Nom officiel : République du Congo

Carton de situation - Congo
Drapeau du Congo
Drapeau du Congo

État d'Afrique centrale ouvert au sud-ouest sur l'océan Atlantique, le Congo est limité au sud par l'Angola, à l'est par la République démocratique du Congo, au nord par la République centrafricaine, au nord-ouest par le Cameroun et à l'ouest par le Gabon.

  • Superficie : 342 000 km2
  • Nombre d'habitants : 4 448 000 (estimation pour 2013)
  • Nom des habitants : Congolais
  • Capitale : Brazzaville
  • Langue : français
  • Monnaie : franc CFA
  • Chef de l'État : Denis Sassou-Nguesso
  • Chef du gouvernement :
  • Constitution :
    • Adoption : 25 octobre 2015
    • Entrée en vigueur : 6 novembre 2015
Pour en savoir plus : institutions du Congo

GÉOGRAPHIE

Chevauchant l'équateur, le pays est en grande partie recouvert par la forêt dense, localement exploitée. Le manioc est la base de l'alimentation. Le pétrole est la principale source d'exportations. Les deux seules grandes ville sont la capitale, Brazzaville, et le port de Pointe-Noire.

1. Le milieu naturel

1.1. Le relief

D'une superficie de 342 000 km2, l'État s'étire du sud-ouest au nord-est sur 1 200 km, à partir d'une façade maritime étroite. Au nord, une partie de la cuvette alluviale du Congo, plate et souvent marécageuse, draine un large éventail de rivières ; sur le pourtour se succèdent des plateaux et des collines gréseuses qui culminent vers 860 m dans le pays Téké, tandis que le socle ancien apparaît dans le bassin de l'Ivindo.

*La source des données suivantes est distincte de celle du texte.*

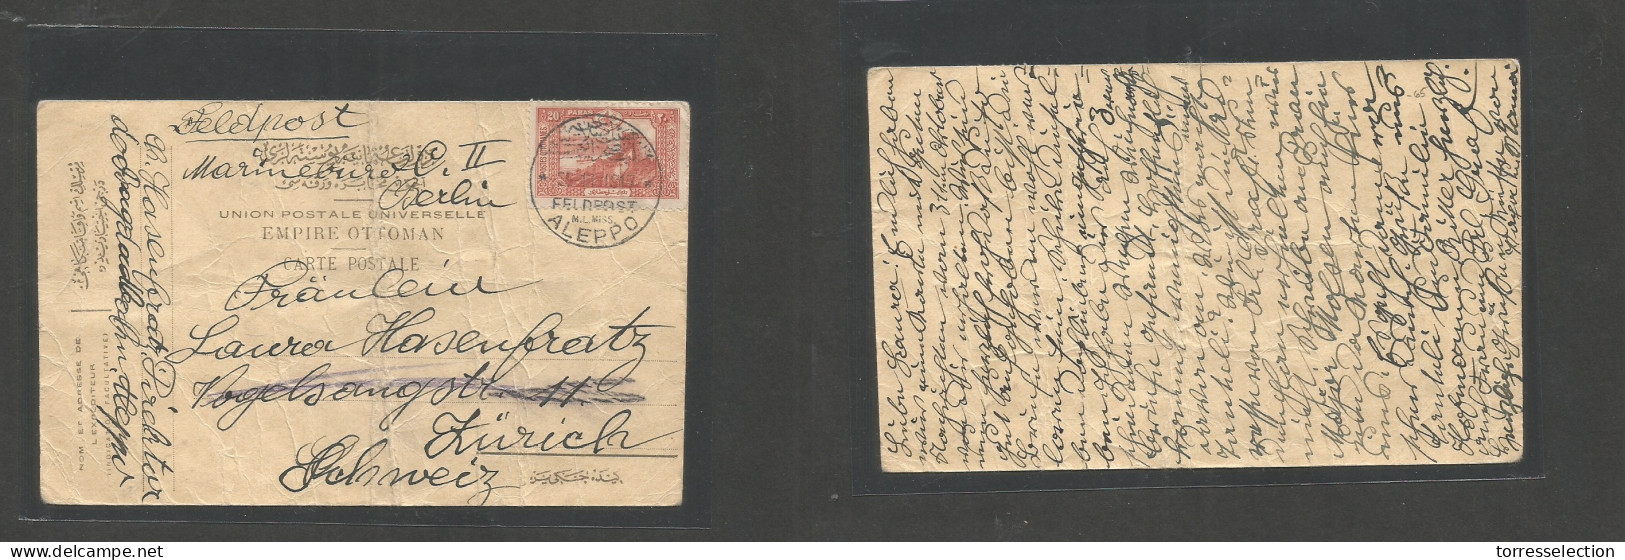 SYRIA. 1917 (11 Sept) Feldpost Mail. Aleppo - Switzerland, Zurich. Fkd Stampless Card, Cds Strike Condition. Fine WWI It - Siria

Dans le sud, au-delà des collines du Pool, s'ouvre le bassin Niari-Nyanga encadré par le plateau des Cataractes, À l'ouest de Brazzaville, le massif granito-gneissique du Chaillu est cerné par des auréoles de couches sédimentaires dessinant une ample dépression (synclinal Niari-Nyanga). Ces couches forment des plis serrés contre la chaîne du Mayombe, dont les crêtes appalachiennes successives dominent la zone des bas plateaux et des plaines littorales. La côte, tantôt basse et tantôt rocheuse, est en voie de régularisation.

1.2. Le climat

Le Congo reçoit plus de 1 200 mm de pluie par an, sauf dans la vallée du Niari ; mais les précipitations dépassent rarement 1 700 mm. Leur rythme est marqué par l'existence d'une saison sèche, longue de quatre mois dans le Sud (juin-septembre), qui dure encore un mois sous l'équateur et pendant laquelle la température s'abaisse nettement. La « petite saison sèche » de décembre-janvier n'est qu'un ralentissement des pluies. La chaleur moyenne est comprise entre 24 et 26 °C, et les maximums ne sont jamais très élevés. Le fleuve Congo et l'Oubangui servent de frontière avec la République démocratique du Congo ; le Niari Kouilou a un bassin purement congolais. Les régimes hydrologiques sont très variables. Celui du Kouilou (appelé Niari, en amont de Makabana), dont le module est de 960 m3/s, reflète les variations pluviométriques en présentant un étiage marqué et deux périodes de hautes eaux. Celui de l'Oubangui est nettement tropical : une seule crue, très accentuée. Le régime du Congo est rendu très complexe par l'étendue de son bassin : ses variations à Brazzaville sont souvent le reflet de phénomènes qui se sont produits très loin de là.

1.3. La végétation

La forêt, humide, dense, à la végétation étagée, couvre 19 000 000 d'ha répartis entre trois grands blocs : la chaîne du Mayombe, le massif du Chaillu et le nord du pays. Mais, dans la cuvette congolaise, le sol marécageux la rend difficilement exploitable. Les savanes occupent le reste du territoire, déroulant leur tapis de hautes herbes piqueté de millions d'arbres, d'arbustes ou de buissons ; elles sont parcourues chaque année par de vastes incendies. Zones inondées et lacs sont encombrés par des prairies flottantes ou des papyraies. La mangrove est installée dans quelques estuaires.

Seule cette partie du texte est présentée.